In hierarchical cluster displays, a decision is needed at each merge to specify which subtree should go on the left and which on the right. ... The algorithm used in ‘hclust’ is to order the subtree so that the tighter cluster is on the left (the last, i.e., most recent, merge of the left subtree is at a lower value than the last merge of the right subtree). Single observations are the tightest clusters possible, and merges involving two observations place them in order by their observation sequence number.

So that's why the tree is ordered why it is.
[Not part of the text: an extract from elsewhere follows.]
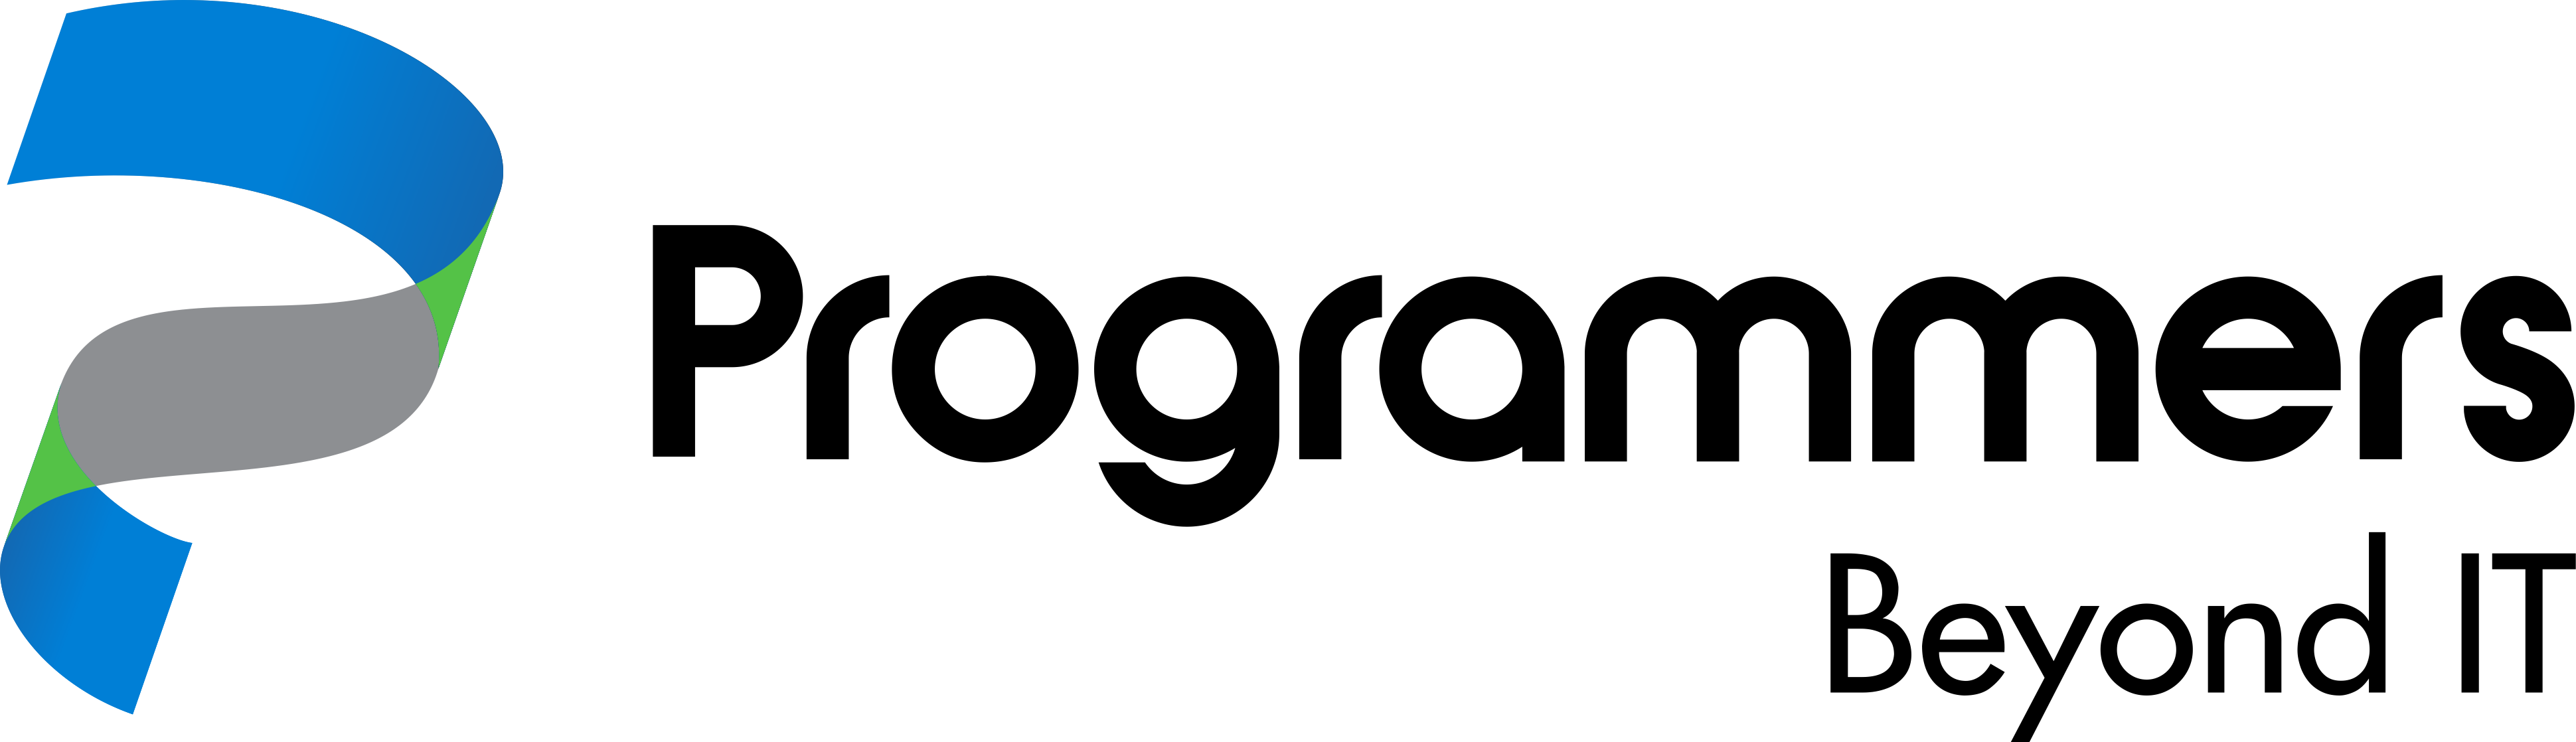 programmers-logo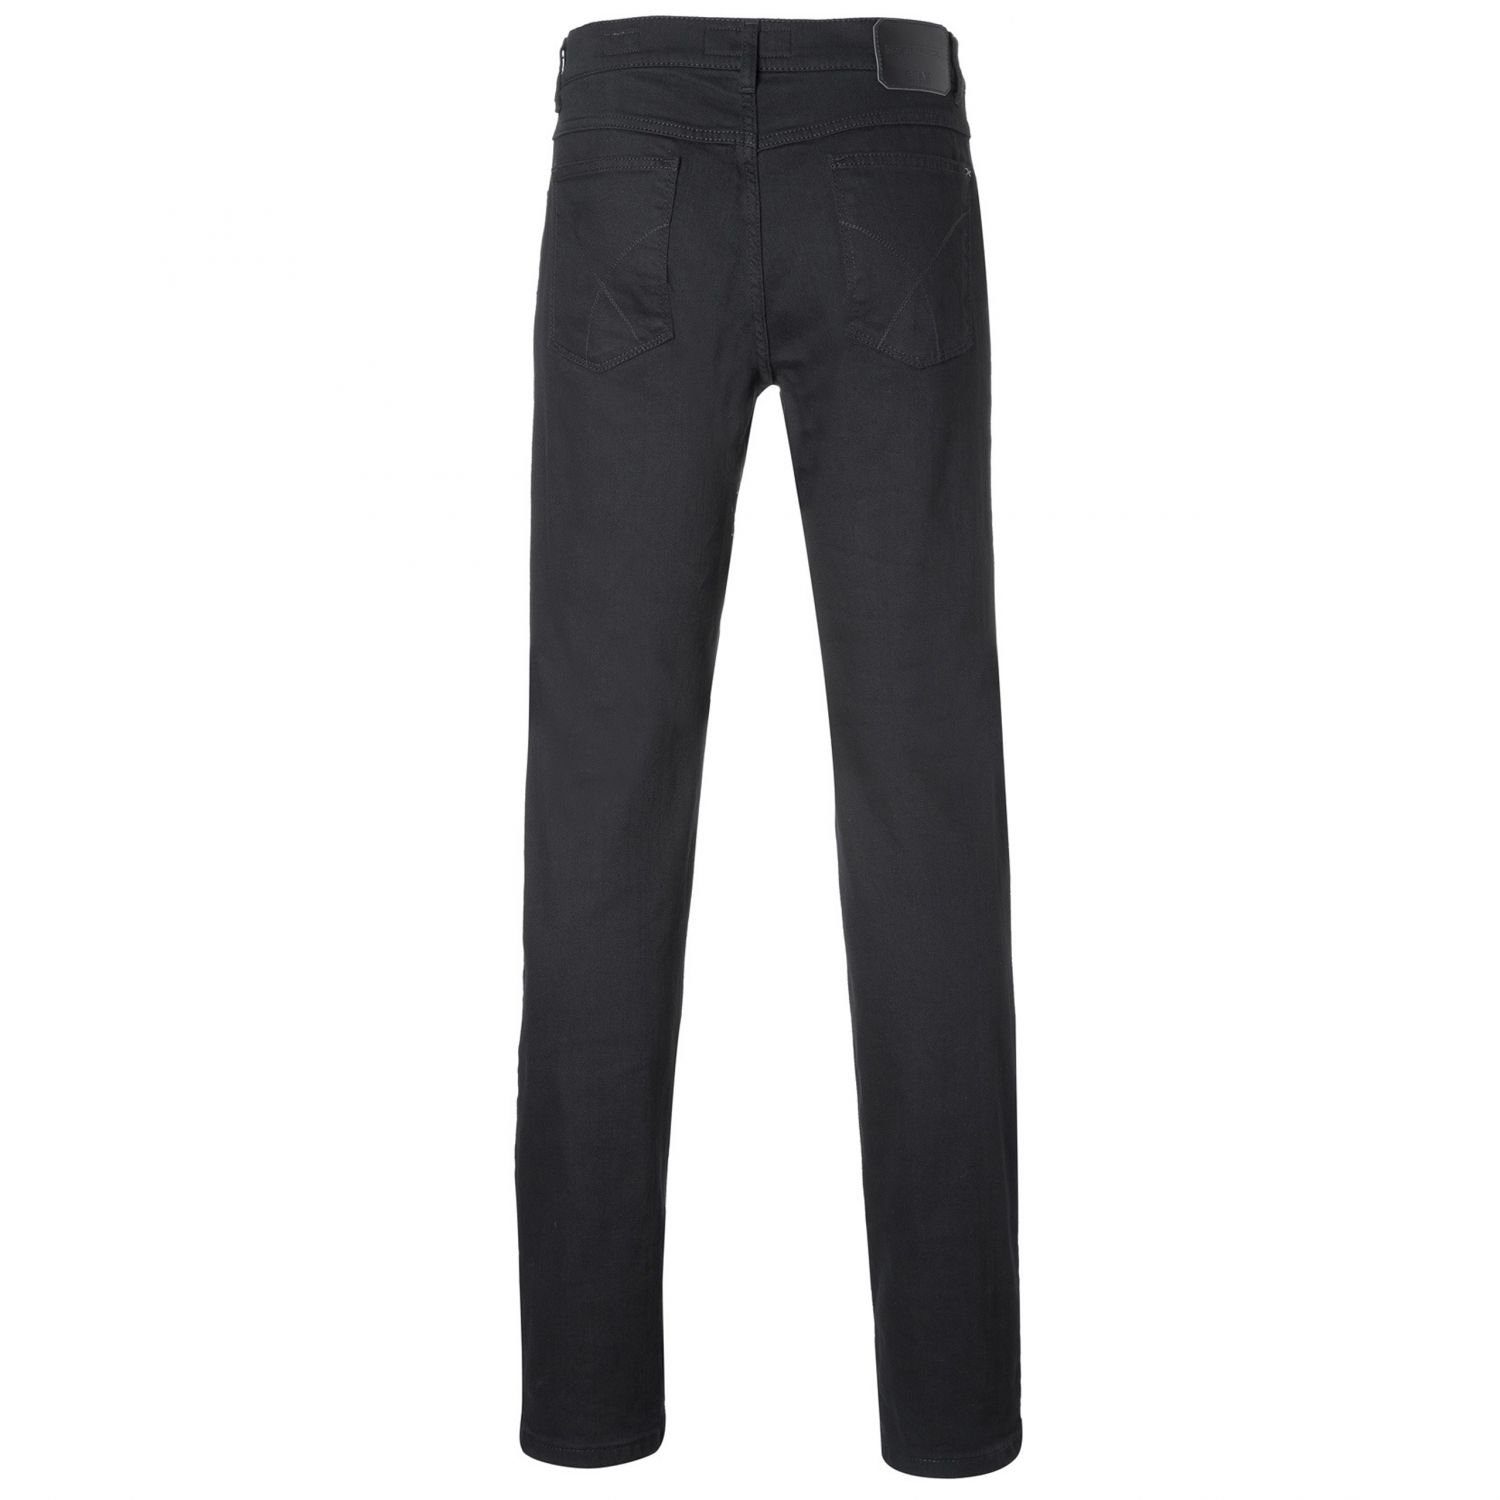 Herren Jeans Brax Denim Style Cooper schwarz 5-Pocket-Jeans

The other understanding of your question (addressed in a shorter version by Irsan) is, "Since the top 6 and bottom 3 genes change in the same direction, why don't they cluster together?" The answer to that is what Irsan wrote, namely that things are (by default) clustered with the "complete" method according to their euclidean distance. But of course, what does that actually mean? Probably the most important part of that is the euclidean distance. The easiest way to visualize that is graphically, so I'll make some test data that will more-or-less act like yours:

``````library(gplots)
d <- matrix(rnorm(78,c(rep(c(5,5,5,3,3,3),6), rep(c(2,2,2,3,3,3),4), rep(c(1,1,1,0,0,0),3)), 0.2), ncol=6, byrow=T)
``````

The `d` matrix will then be something (the numbers are random) this:

``````           [,1]     [,2]      [,3]       [,4]        [,5]        [,6]
[1,] 5.1712874 4.946509 4.7496928 2.63230256  2.63394566  3.08378751
[2,] 4.6592866 4.806637 4.9270387 3.00397576  2.96095830  3.05562337
[3,] 5.1117932 4.982021 4.9432372 2.79170612  2.68319462  3.28125643
[4,] 5.1939668 5.103573 4.9274765 2.75459710  2.92578504  3.17743957
[5,] 4.8172162 4.869808 4.6627615 2.69654061  2.78337580  3.19926029
[6,] 5.0833024 5.280635 5.0151975 2.79977773  3.18152508  3.04505210
[7,] 2.2524162 2.079043 2.1589240 2.98382139  3.23926676  3.01663328
[8,] 1.9869665 1.861576 2.1608973 2.94434318  2.50710978  2.75273211
[9,] 1.8246908 2.119846 2.5934129 3.02386462  2.98645345  2.40102654
[10,] 2.2040333 2.248246 1.9449646 2.84486854  2.85842004  3.10360764
[11,] 1.1539225 1.005955 0.8953501 0.07245758 -0.03334591 -0.14624306
[12,] 0.8860263 0.752870 0.7780058 0.11035305 -0.22448713  0.07403528
[13,] 1.1470910 1.088321 1.0455616 0.15681927  0.06387492 -0.13126294
``````

and a heatmap like this: The Euclidean distance between two rows (`row_a` and `row_b`) is defined as `sqrt(sum(row_b-row_a)^2)`, using the vector functions in R (I only mention that because if you're used to thinking in, say, C, then this wouldn't make sense since these function only work with single values). You can get a nice visual of this by just plotting a subset:

``````matplot(t(d), xlab="Sample", ylab="Expression Value")
``````

This will look something like the following, with the rows points labeled given their row number (1-C instead of 1-13). As you can see, the top 6 rows in the matrix are really far away from the bottom 3 on this graph. In fact, the Euclidean distance between them is around `21`. The distance between the top 6 and middle 4 is only around `9` and the distance between the middle 4 and bottom 3 around `12`. These numbers match how closely things look by eye-ball. So, it's not so much that things are ordered by average expression but how closely they are to each other as measured by Euclidean distance.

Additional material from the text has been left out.